Categories: EducationNews

Four Wyoming teachers receive Presidential Award

CHEYENNE, Wyo. — Four Wyoming teachers have received the Presidential Award for Excellence in Mathematics and Science Teaching (PAEMST). President Donald J. Trump made the announcement of the 2017/2018 winners on Tuesday.

Necole Hanks, Amy Kassel, Helen Ommen, and Jim Stith received the award.

PAEMST is the highest recognition that K-12 mathematics, science, or computer science teachers can receive in the U.S. Nominations and awards are facilitated by the White House Office of Science and Technology Policy (OSTP) and the National Science Foundation.

Hanks teaches sixth-grade science at Powell Middle School, Kassel is the secondary mathematics curriculum coordinator and instructional facilitator with Laramie County School District #1 in Cheyenne, Ommen teaches gifted and talented students at Spring Creek Elementary School in Laramie, and Stith teaches environmental science at Newcastle High School.

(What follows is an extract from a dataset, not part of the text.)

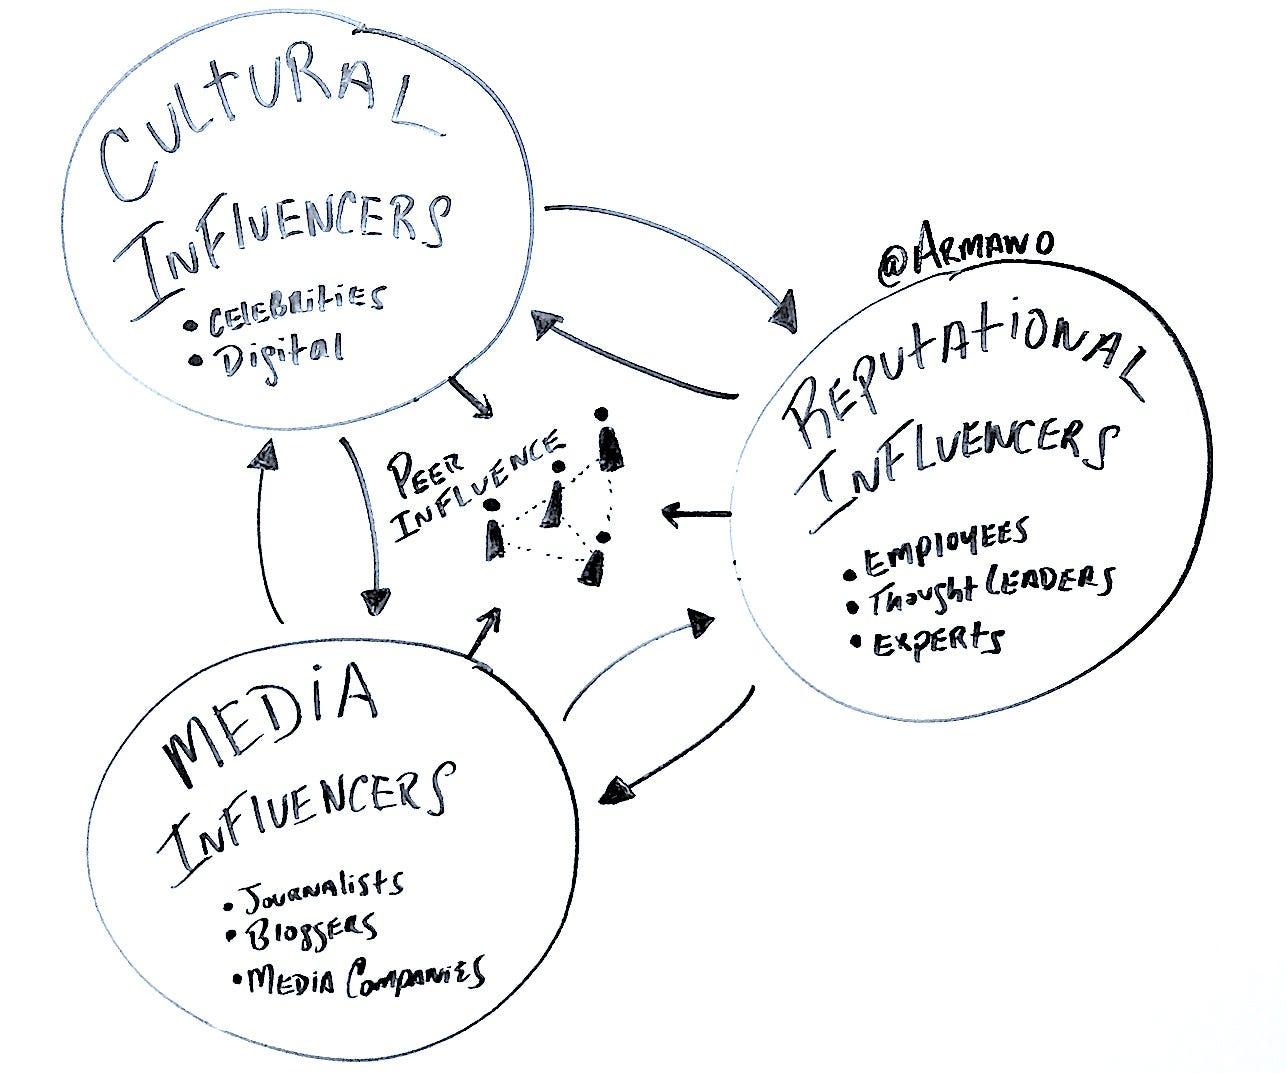 Influencer marketing diagram

“These four teachers are an inspiration to students and colleagues. They are true leaders,” said State Superintendent of Public Instruction Jillian Balow. “I am so very proud of Necole, Amy, Helen and Jim for their dedication to math and science education, and for their commitment to the students of Wyoming.”

A panel of distinguished mathematicians, scientists, and educators at the state and national level assess the applications before recommending nominees to OSTP. Teachers are selected based on their distinction in the classroom and dedication to improving science, technology, engineering, and math (STEM) education. Enacted by Congress in 1983, the program authorizes the President to award 108 math and science teachers each year in recognition of their contribution to excellent teaching and learning.

“I truly feel honored to receive an award of this magnitude,” Hanks said. “I am blessed to share my passion for teaching science to future world changers and even more fortunate to improve my practice each day.”

“I am eager to have the opportunity to build partnerships with like-minded colleagues for the benefit of students,” Ommen said. “This award will be a powerful tool for more innovation and learning.”

“Mathematics education is my passion,” said Kassel, who taught 7-12 grade mathematics at East High School in Cheyenne at the time of her 2017 nomination. “I am excited to be part of this community of teacher-leaders, with an opportunity to impact mathematics education in my district, and our state and nation.”

“It is an honor not only for myself, but also for the coworkers, mentors, and administrators who gave me the opportunity to advance my teaching abilities,” Stith said. “My love for science and knowledge was inspired by Sharla Dowding, a high school science teacher, and I strive to pass that passion on to my students.”

The awardees come from all 50 states, the District of Columbia, the Department of Defense Education Activity (DoDEA) schools, and schools in four U.S. territories. Each recipient receives a certificate signed by the President; a trip to Washington D.C. to attend a series of recognition events and professional development opportunities; and a $10,000 award from the National Science Foundation.